Обычно я старался проверить работы в школе, чтоб не носить домой, но сегодня не стал задерживаться, надо было застать дядю Сережу, пока трезв. Дядя Сережа служил в пивной сборщиком кружек, должность, не учтенная финорганами, но существующая. За службу ему платила Марья Семеновна, буфетчица. Расценки были суровы — два рубля в день, это если доработаешь до конца дня, а не доработаешь — ни копейки. И попробуй тут доработай, когда пивная под открытым небом — ее прозвали загон, — когда снег и дождь, все на тебя, когда в пьющих в отличие от многих не дремлет сострадание, и часто в загоне звучит фраза: «Погрейся, дядь Сереж», — и как не погреться, ибо заболей дядя Сережа, и кто же его будет лечить, кому он нужен?
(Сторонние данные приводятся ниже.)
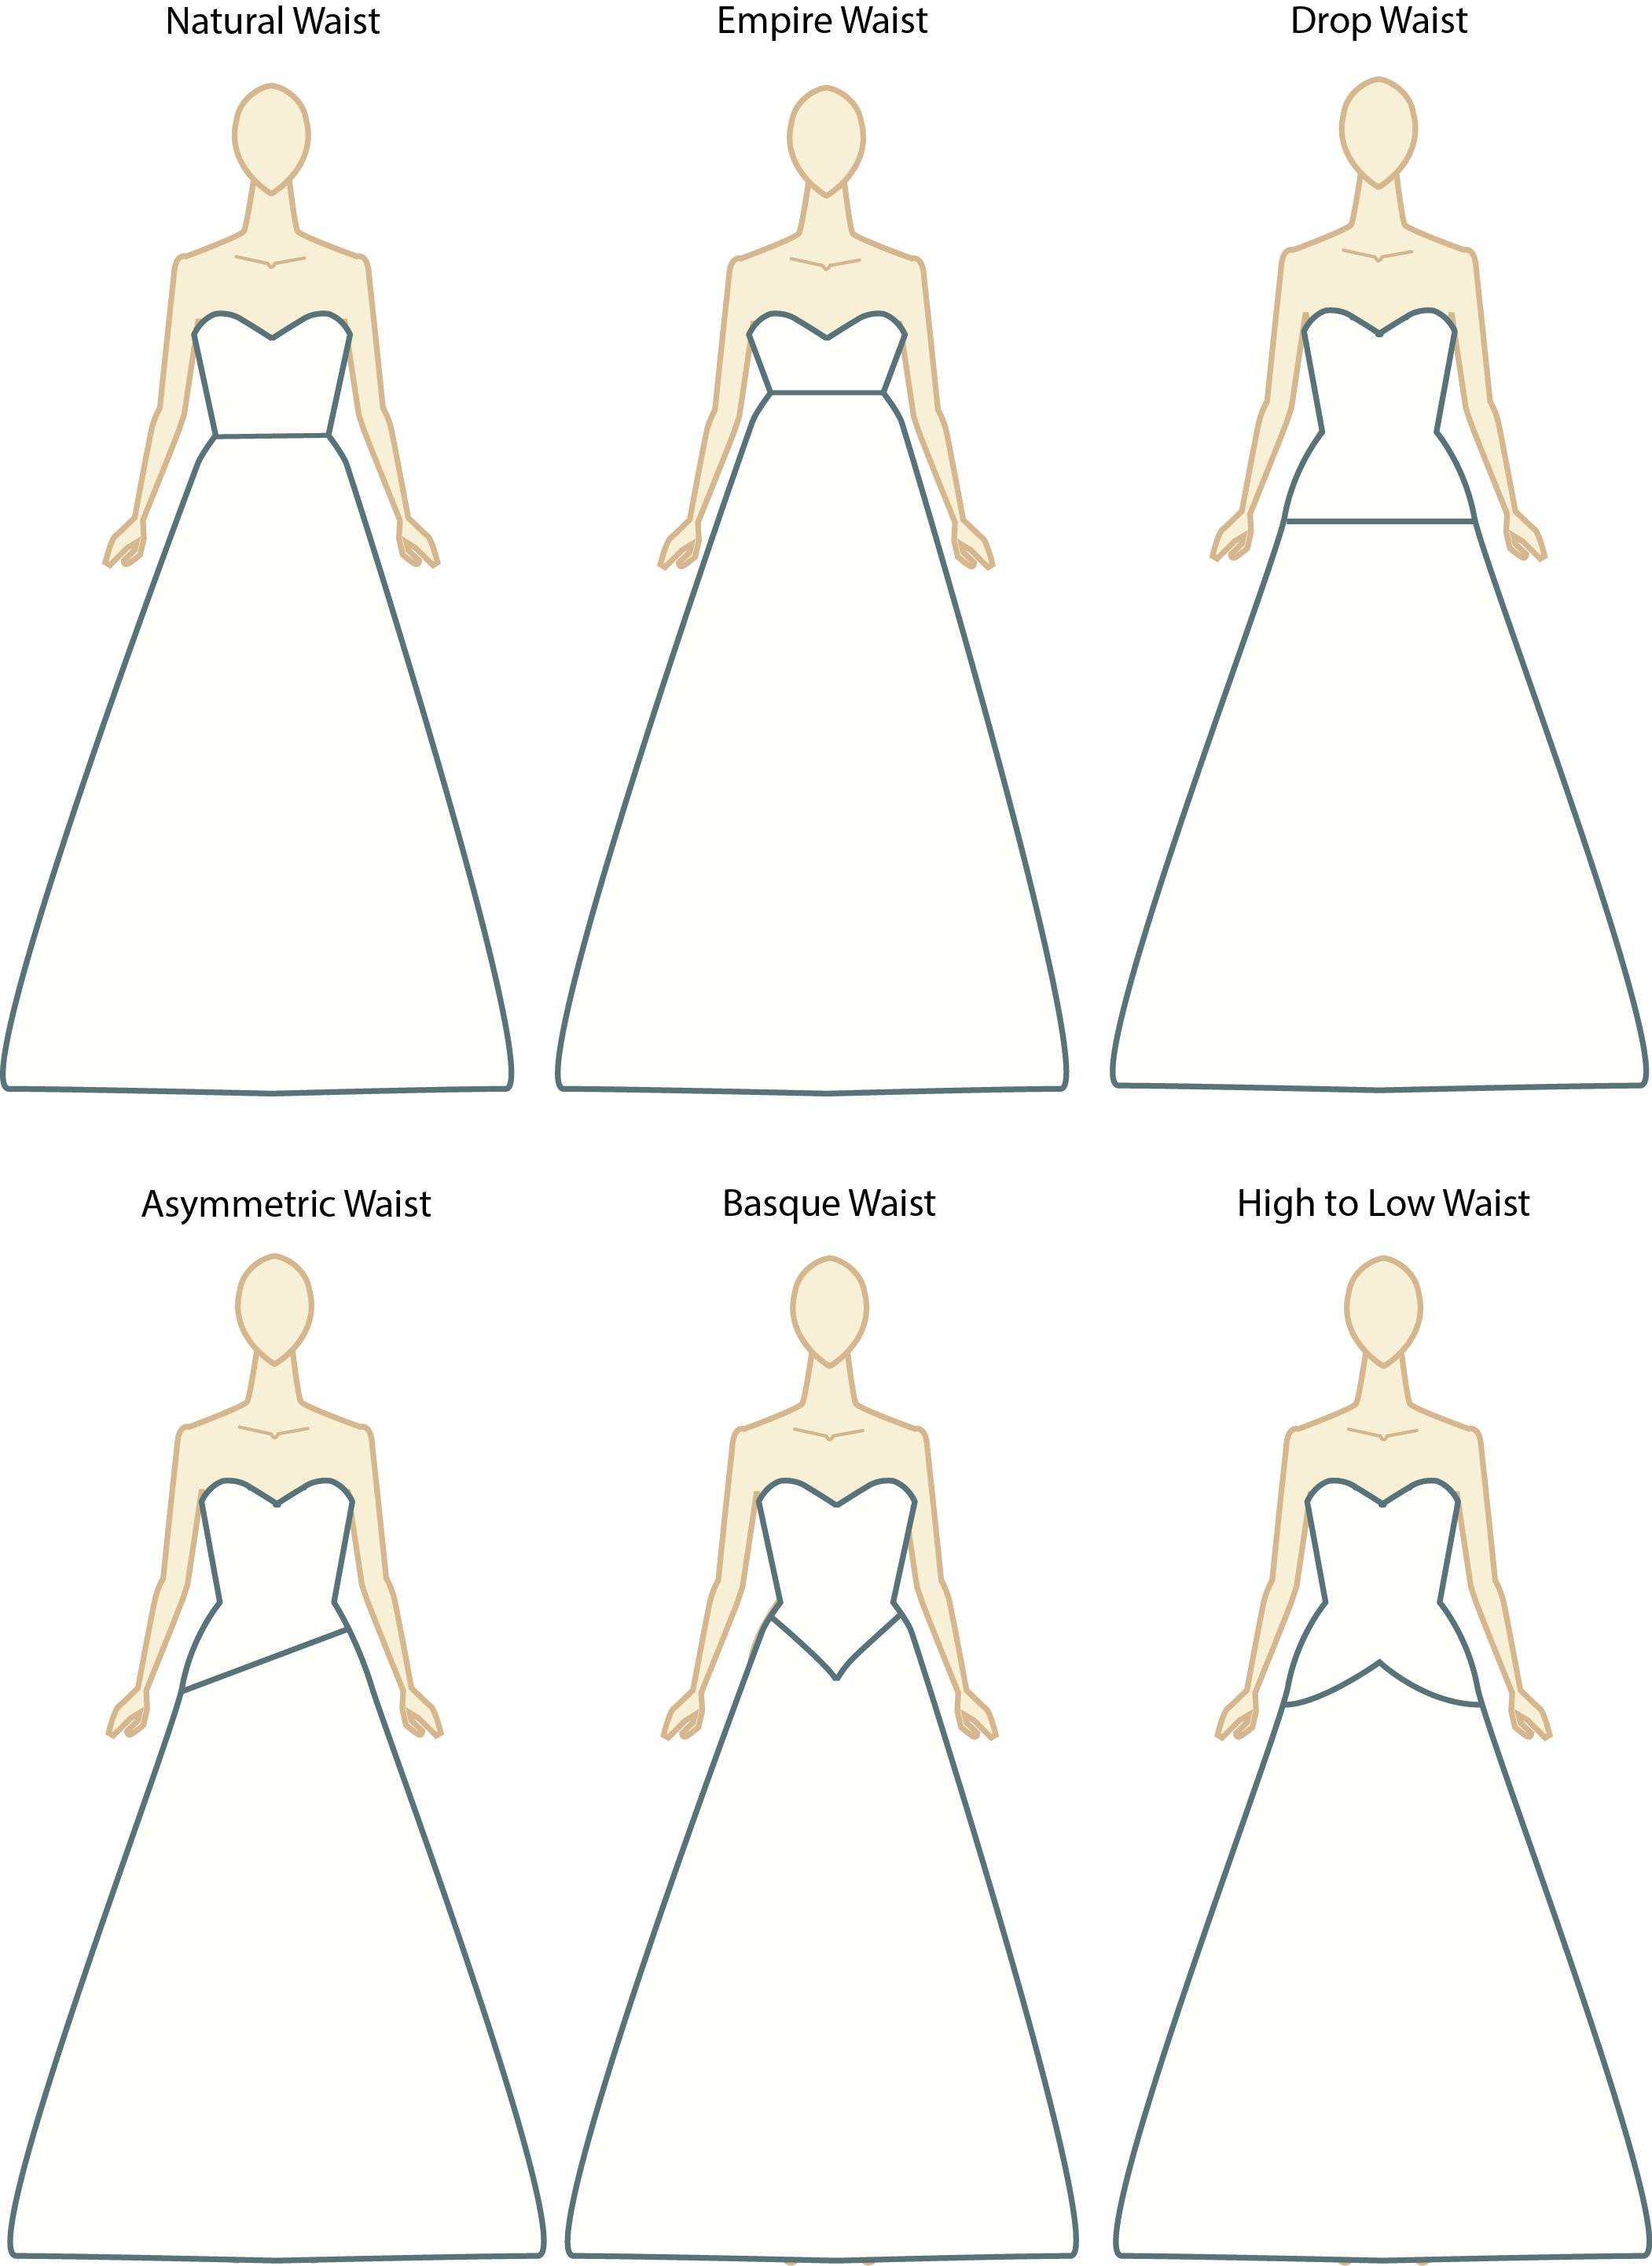 Греческое платье своими руками: выкройка и схема по шитью

Дядя Сережа одинок, некому отвезти его в больницу, у него и паспорта нет.
Дядя Сережа был нужен мне вот почему — у него первое время, уйдя из семьи, жил Олег. Получилось, что я же их и познакомил. Я звал к себе, Олег уперся: «Ни за что! Жены твоей стыдно, в таких случаях у женщин есть солидарность, и правильно. Кто я? Бросивший детей начинающий алиментщик. Дети: где папа, где папа? — а я буду рассуждать о том, что меня Вера не понимает. А может, и правильно. Что понимать? Что я, отечество спасаю? Если я семью не спас, какой же из меня спаситель? Нет, нет! Пойдем вот по кружке тяпнем и подумаем, «что под жизнью беспутной и путной понимают людские умы» и так ли уж безгрешна Идея, оправдывает ли служение ей развал семьи».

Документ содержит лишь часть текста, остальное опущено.